His voice was small. Almost silent.

He expected her to laugh. Or pull away. Or stand up and leave.

She didn’t.

She just stayed still. Listening.

“I didn’t ask for them,” he said quickly, as if that made it better. “I try not to think about you like that. I, I pray, I recite scripture. I do everything I’m supposed to do. But I keep waking up like, like,” He stopped, shoulders hunched, burning with shame.

“Like you’ve already sinned,” Claire finished for him.

Ben looked at her, startled. She wasn’t mocking him. If anything, her voice was tender.

“Yeah,” he said. Barely a whisper.

The silence stretched again. Softer this time.

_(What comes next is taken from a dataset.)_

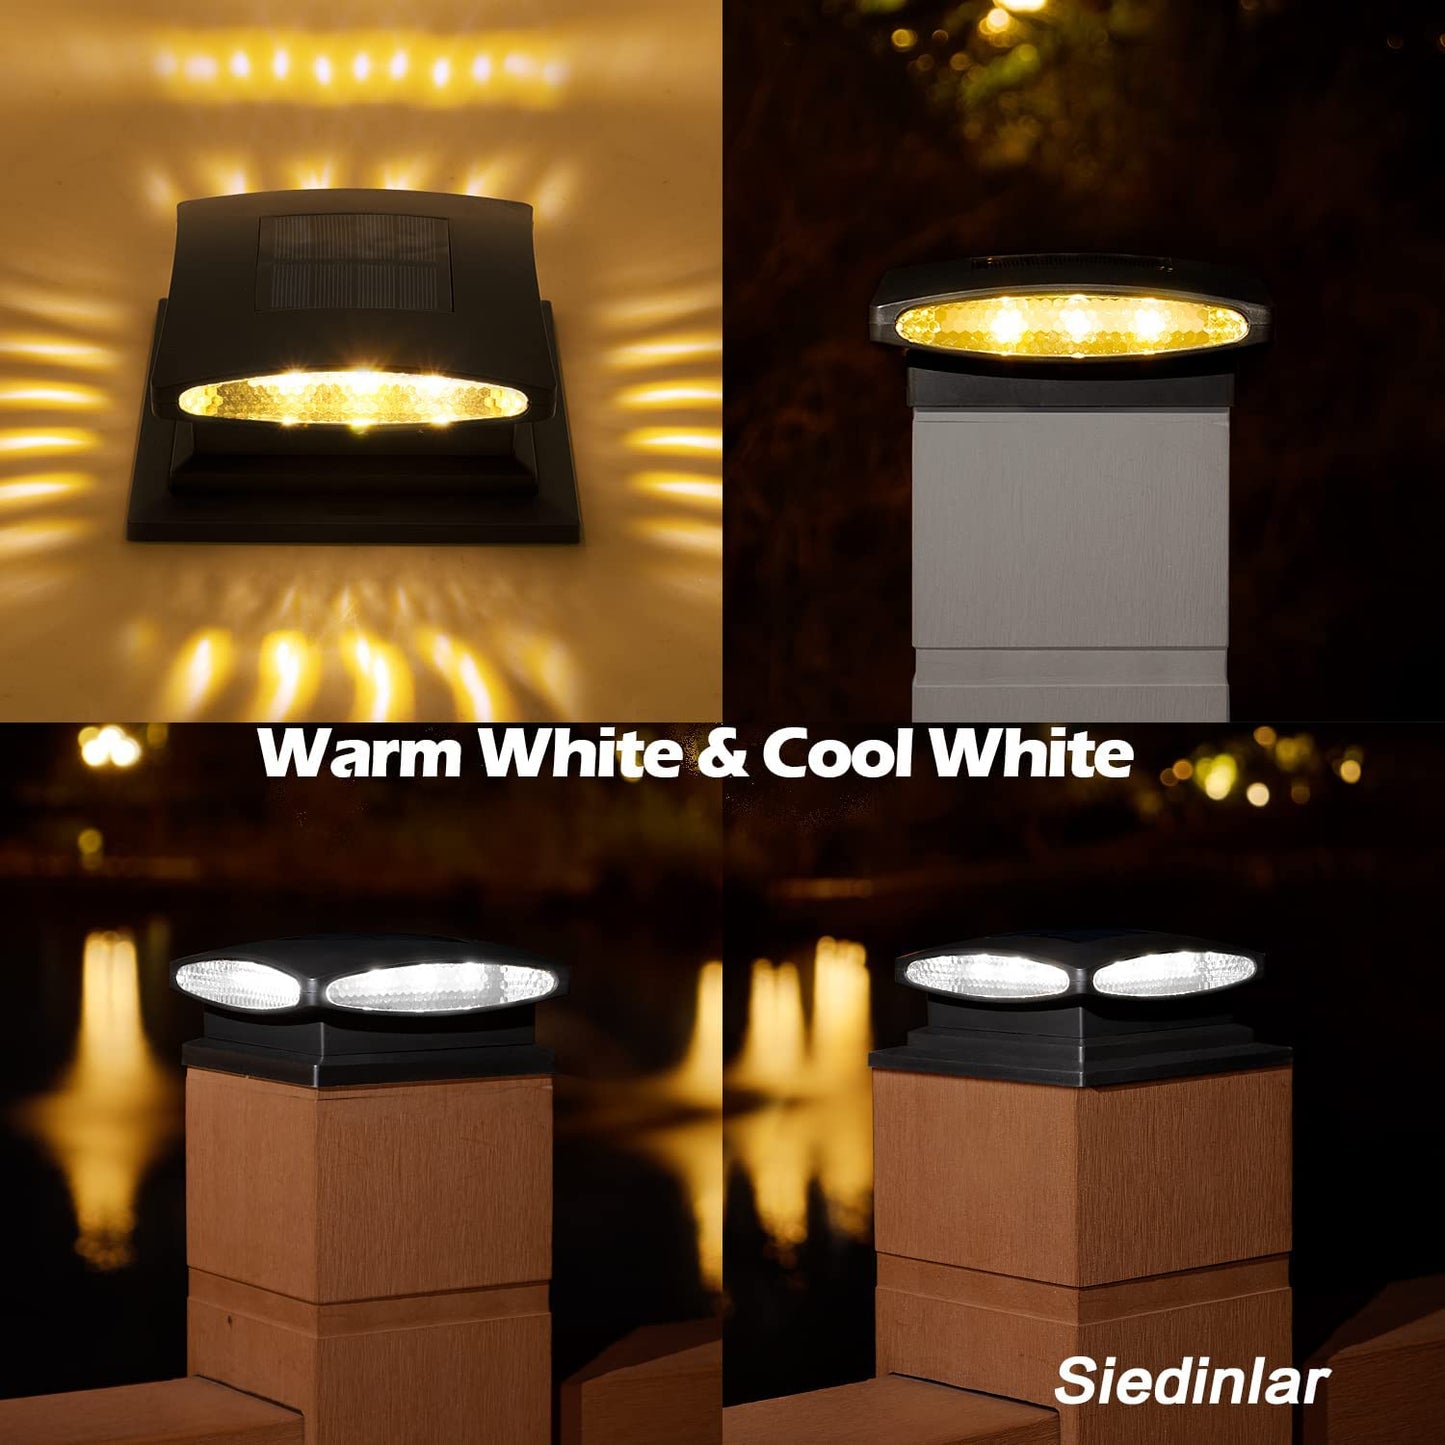 Siedinlar SD1064B Solar Post Cap Lights Outdoor, 2 Modes 24 LED Solar Powered Fence Deck Light for 4x4 5x5 6x6 Posts Garden Patio Decoration Warm White & Cool White, Black (4 Pack)

Claire turned slightly toward him, her shoulder brushing his. Her voice stayed low.

“Ben. You’re not broken.”

He laughed bitterly. “Feels like it.”

“You’re a human being. You’re wired for want. No one ever tells you how loud your body can get, do they? They just tell you to shut it up. Pretend it’s not there.”

He stared at her, confused. “You’re not mad?”

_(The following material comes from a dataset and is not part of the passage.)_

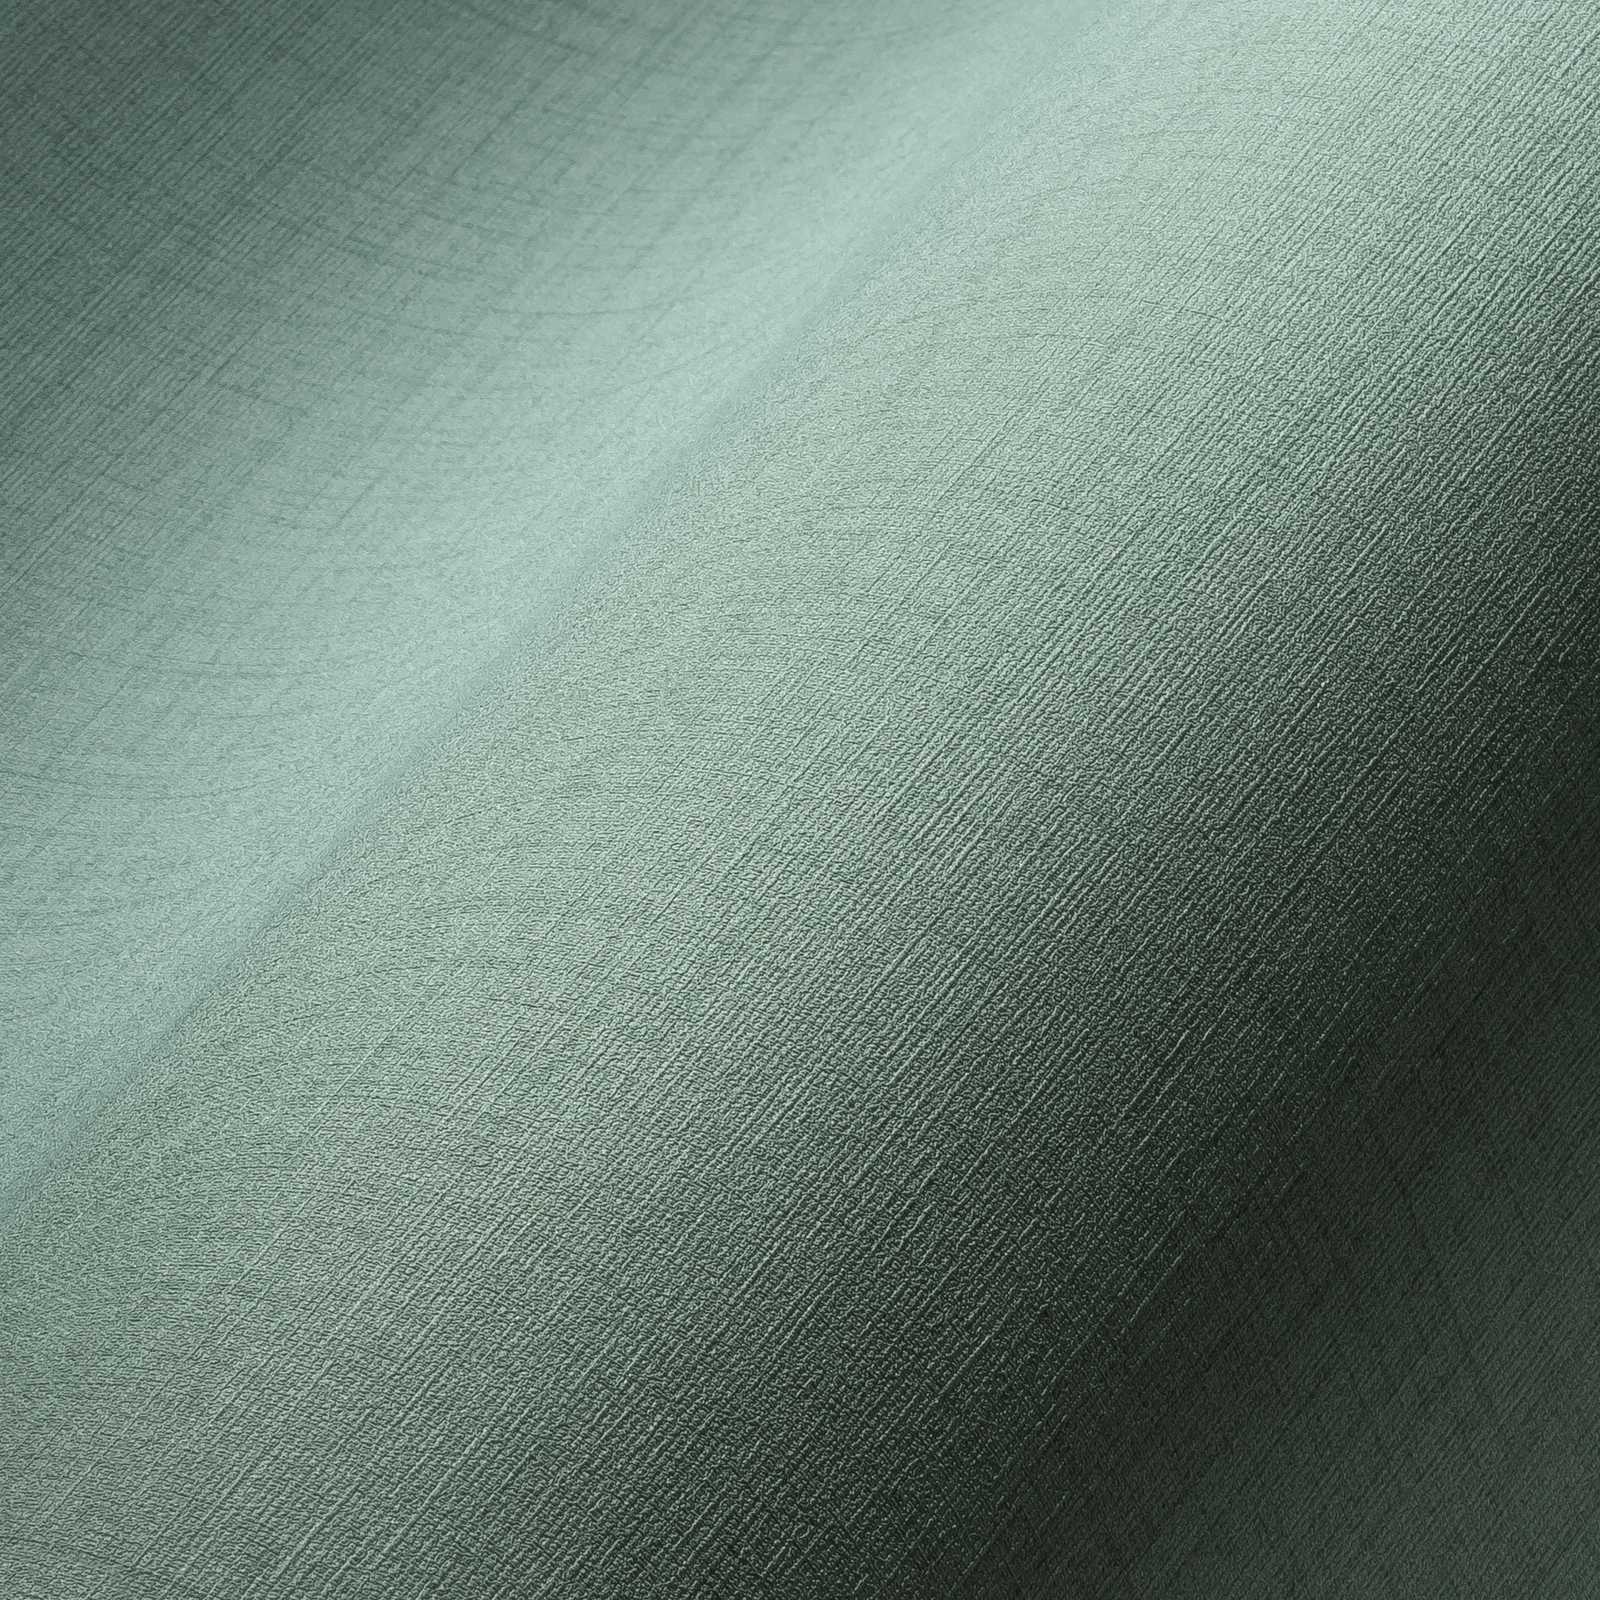             Wallpaper sage green with linen look & texture effect - green

“Why would I be mad?” she said, almost gently. “You didn’t choose what your dreams did. You didn’t invite them. You’re just trying to survive in a place that treats every urge like a moral failure.”

Ben swallowed hard, emotion catching in his throat. “I feel dirty.”

Claire looked at him, eyes soft. “You’re not.”

He hunched forward, elbows on knees, rubbing his face with both hands.

Claire waited to see if he would respond and then spoke. “Ben. I need you to hear something very clearly.”

He looked up. 

“You’re not the first person I’ve had this conversation with. Not even close.”

That surprised him.

“There are a lot of students, boys, especially, who come here thinking this place will keep them pure. Like rules and scripture will shut off biology. But it doesn’t. It just shames it into silence.”

Ben stared at her. “So what, you just let them be okay with it?”

Claire smiled, just barely. “No. I help them. Quietly. Safely.”

Ben blinked. “Help them?”

“I’ve found a way to take the edge off,” she said, voice even. “To help people find control again. So they don’t spiral. So they don’t feel like monsters for having a body.”

Ben’s pulse kicked up.

Claire leaned in just a little. Not close enough to touch, but enough that her voice dropped lower. Private.

“I don’t offer this to everyone. Only when I know they’re at their breaking point. Only when they need it.”

“What... is it?”

Claire’s expression was unreadable. “A release valve. A safe one. Something that doesn’t break your vows. Doesn’t stain your record. Something that keeps you technically pure. But gives you relief.”

Ben stared at her, eyes wide, breath caught between fear and something darker, something hopeful.

“If you want my help,” she said, her voice just above a whisper, “all you have to do is say yes.”